三日时光,转瞬即逝。
早上的晨雾尚未散去,陈府门前已是人声马嘶,一派整装待发的景象。
金算盘今日难得换上了一身乾净的缎面长衫,他站在马车旁,对著自己的徒弟杨方反覆叮嘱。
“到了云南,凡事多听封小友他们的安排,你小子本事是有,就是性子太傲,得多磨磨。”
杨方此时背著那根標誌性的黑布长条,闻言,闷声点头。
“好的,师傅。”
见状,金算盘才转向封思启,拱了拱手,神情郑重道:
“封小友,我这徒弟,可就拜託你了。”
“老夫这把骨头,就不去那瘴癘之地给你们添乱了,只在长沙城里,备好酒菜,静候诸位凯旋。”
封思启笑著忙回了一礼。
“前辈放心,杨方兄弟与我等同行,自当如亲兄弟一般相互照应。”
另一边,陈玉楼一身劲装,跨坐在一匹高头大马上,显得意气风发,闻言,忙对著金算盘朗声笑道:
“前辈且安心在家等著,待我等从那献王墓中取了宝回来,庆功宴上,再敬您三大碗!”
眾人相视一笑,离別的愁绪被这番豪言冲淡了不少。
红姑娘早已清点完所有行装,她同样翻身上马,动作乾脆利落,对著陈玉楼一点头。
“总把头,可以出发了。”
得见,陈玉楼手中马鞭一扬,清脆的鞭响划破晨雾。
“出发!”
於是,一行数人,连同几名卸岭的精锐好手,便浩浩荡荡的驶出了湘阴城,直奔南下的水路码头。

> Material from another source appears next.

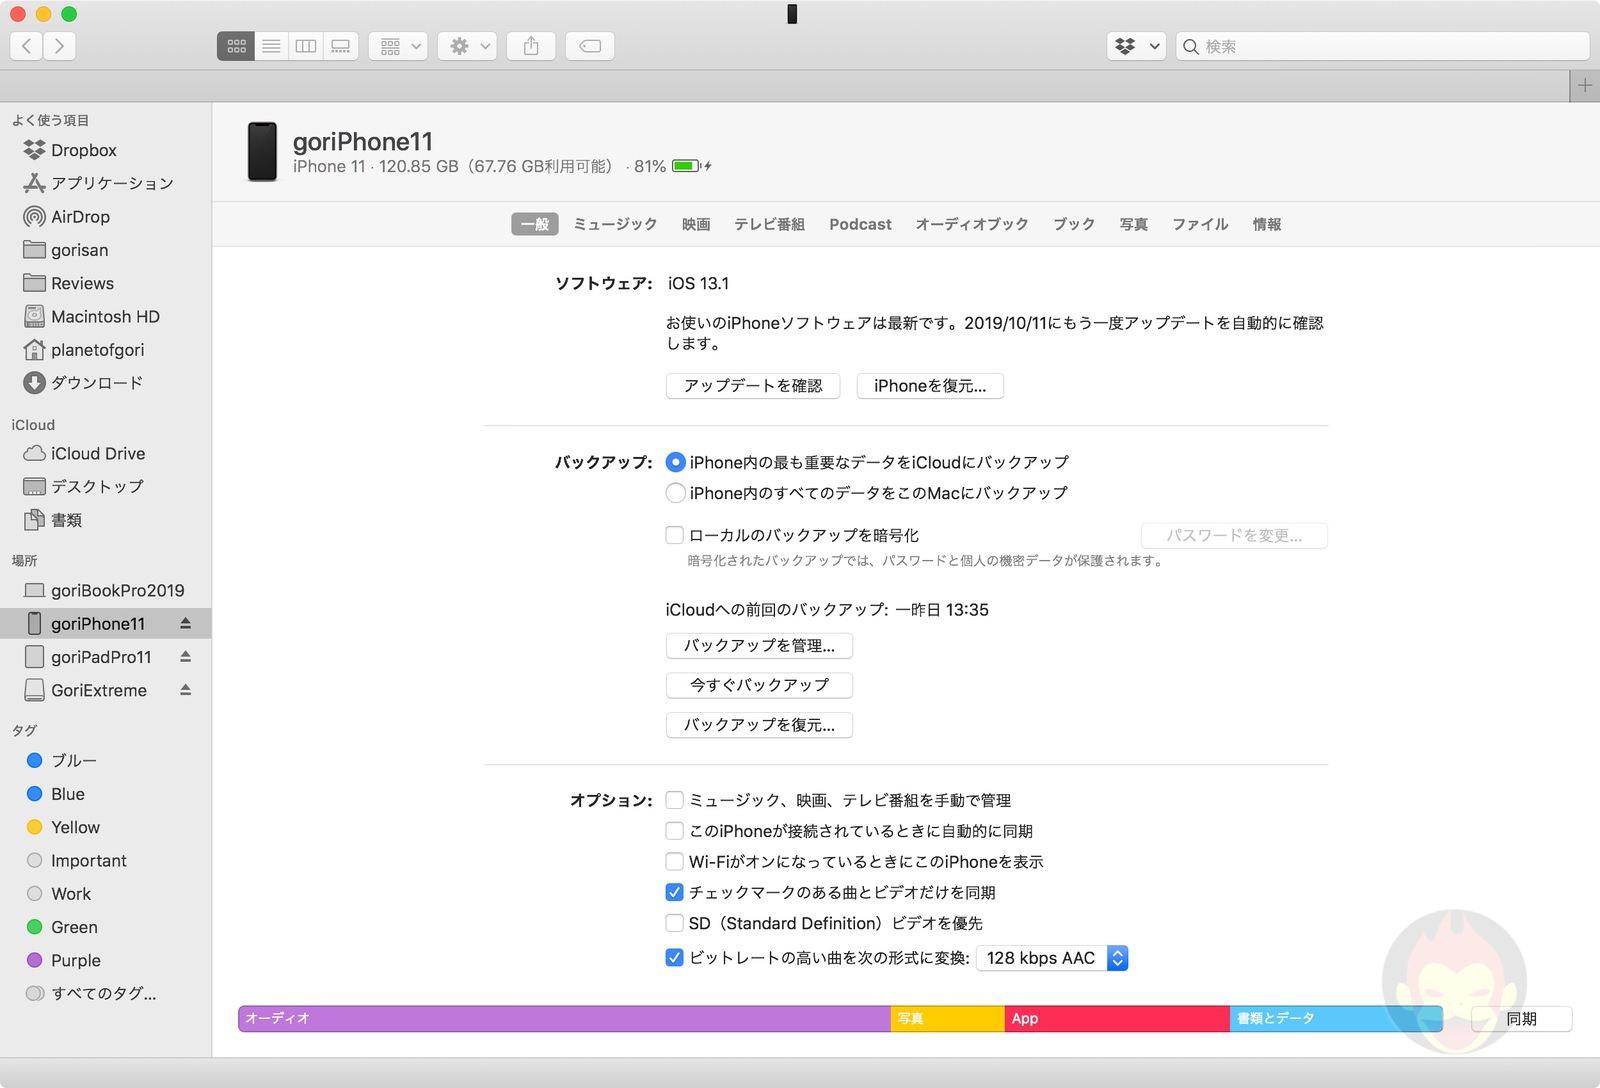 MacOS Catalina helper application error 04

自湘阴至昆明,路途遥远,水陆交替,足足耗费了七日的光景。
此时船行於江上,两岸的景致也从鱼米之乡的平缓富庶,逐渐变为山势起伏的奇峻险要。
空气愈发湿润,带著一股草木与红土混合的独特气息。
封思启一人独自站在船头,江风拂面,吹动黑色的袍角。
他遥望著远方连绵不绝的苍翠群山,脑中却在飞速盘算著,此进献王墓的种种细节与可能出现的突发情况。
“封大哥,在想什么?”
突听一道清脆的女声在身后响起。
却是红姑娘不知何时也走到了船头,而她手中正端著一碗热气腾腾的肉粥。
“赶了这许久的路,吃点东西暖暖身子。”
话落,便將碗递了过来,一双明眸在江风中显得格外清亮。
封思启迟疑了一会,才接过热粥,道了声谢。
“只是在想,这云南的山,与中原大不相同。”
红姑娘顺著他的视线望去,忙笑道:
“何止是山,人也不同。”
“我听闻,这彩云之南,多的是奇人异事,山中更有数不清的毒虫猛兽,咱们此行,怕是不会太平。”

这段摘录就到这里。